Raspberry Almond Shortbread Cookies melt in your mouth: tender, buttery rounds with a jewel of raspberry jam and a whisper of almond — the kind of cookie that disappears fast at holiday gatherings.
Why you’ll fall for these (quick)
These are classic shortbread vibes elevated with jam and almond. The dough stays simple — high butter, little mixing — which means deliciously crumbly texture every time. Want a cookie that looks fancy but bakes with minimal fuss? Yep, this is it.
A little backstory
I first started making these because I wanted a cookie that felt heirloom-y but actually tasted modern. I tweaked a tried-and-true recipe, added a touch more flour and dialed the almond back a hair for balance, and boom — a top-rated holiday staple. If you’ve ever bookmarked a cookie to make “for the holidays,” this belongs on that list.
Ingredients & why they matter
- 1 cup unsalted butter, softened — fat equals tenderness and flavor. Use real butter.
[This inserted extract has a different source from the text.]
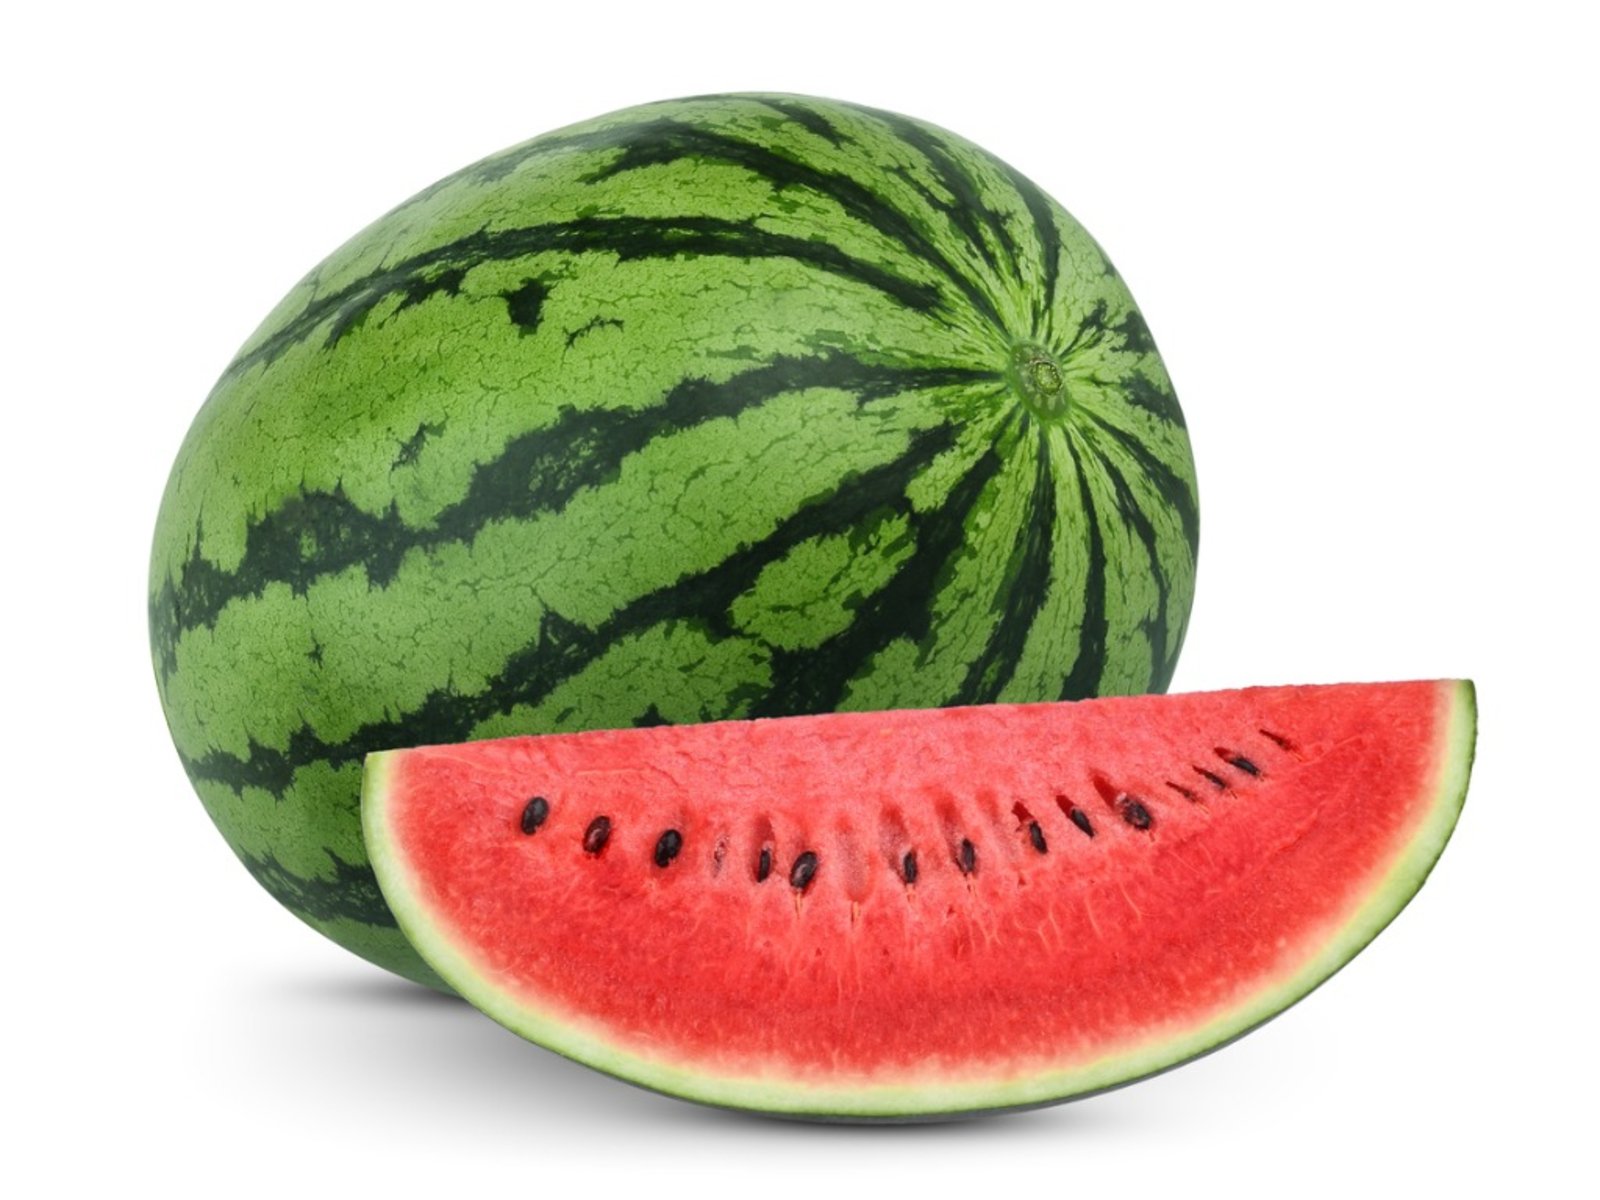 Watermelon - Best Fruits And Vegetables For Dogs To Eat

- 2/3 cup granulated sugar (134 g) — sweetness and slight edge on the edges.
- 1/2 teaspoon almond extract — that bakery-note that makes these unforgettable.
- 2 cups + 2 tbsp all-purpose flour (≈255 g) — extra flour keeps the dough stable so cookies don’t spread.
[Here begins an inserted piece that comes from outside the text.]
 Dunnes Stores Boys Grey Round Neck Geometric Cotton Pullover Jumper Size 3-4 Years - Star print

- 1/2 cup seedless red raspberry jam — the bright, fruity center. Keep it cold until use.
The icing (optional):
- 1 cup powdered sugar + 3–4 tsp water + 1 tsp almond extract — whisk to a pourable drizzle for a pretty finish.
Ingredients breakdown (short blurbs)
Butter: the more you care about it, the better these taste.
Sugar: keeps things simple — no fuss.
Almond extract: small amount, big impact.
Flour: the extra two tablespoons = less spreading. Trust me.
Jam: pick a seedless, bright-tasting raspberry jam for the best pop.
Step-by-step: How to make them
- Chill & prep. Preheat oven to 350°F (175°C). Line a baking sheet with parchment.
- Beat the butter. In a bowl, beat the butter ~30 seconds; scrape the bowl.
- Add sugar & almond. Mix in the sugar and the almond extract for ~30 seconds until combined.
- Add flour. On low speed, slowly add the flour until a dough forms. Scrape and fold by hand if needed. Stop when the dough comes together. Don’t overwork it.
- Shape. Quickly roll dough into 1-inch balls (I use a #60 scoop). Arrange them spaced on the sheet. Press a small depression in each cookie with your fingertip or knuckle — keep it shallow (don’t go past halfway).
- Chill. Refrigerate the tray at least 1 hour. If space is tight, cover and chill on a plate.
- Fill & bake. Preheat oven to 350°F if needed. Spoon ~1/4 tsp jam into each thumbprint. Bake 11–13 minutes or until edges are lightly golden. Let cool 5 minutes on the sheet, then transfer to a rack.
- Glaze (optional). Stir powdered sugar with 1 tsp water and 1 tsp almond extract; add water until you reach a thin drizzle. Wait until cookies cool completely, then drizzle.

Pro tips for consistent success
- Keep the dough cold at all times. Warm dough = spreading.
- Mix sparingly. Overmixing tightens gluten and ruins the tender shortbread texture.
- Use room-temperature butter — warm enough to work but not melty.
- Make small indentations. Use your fingertip or knuckle, not your whole thumb, for a neat jam well.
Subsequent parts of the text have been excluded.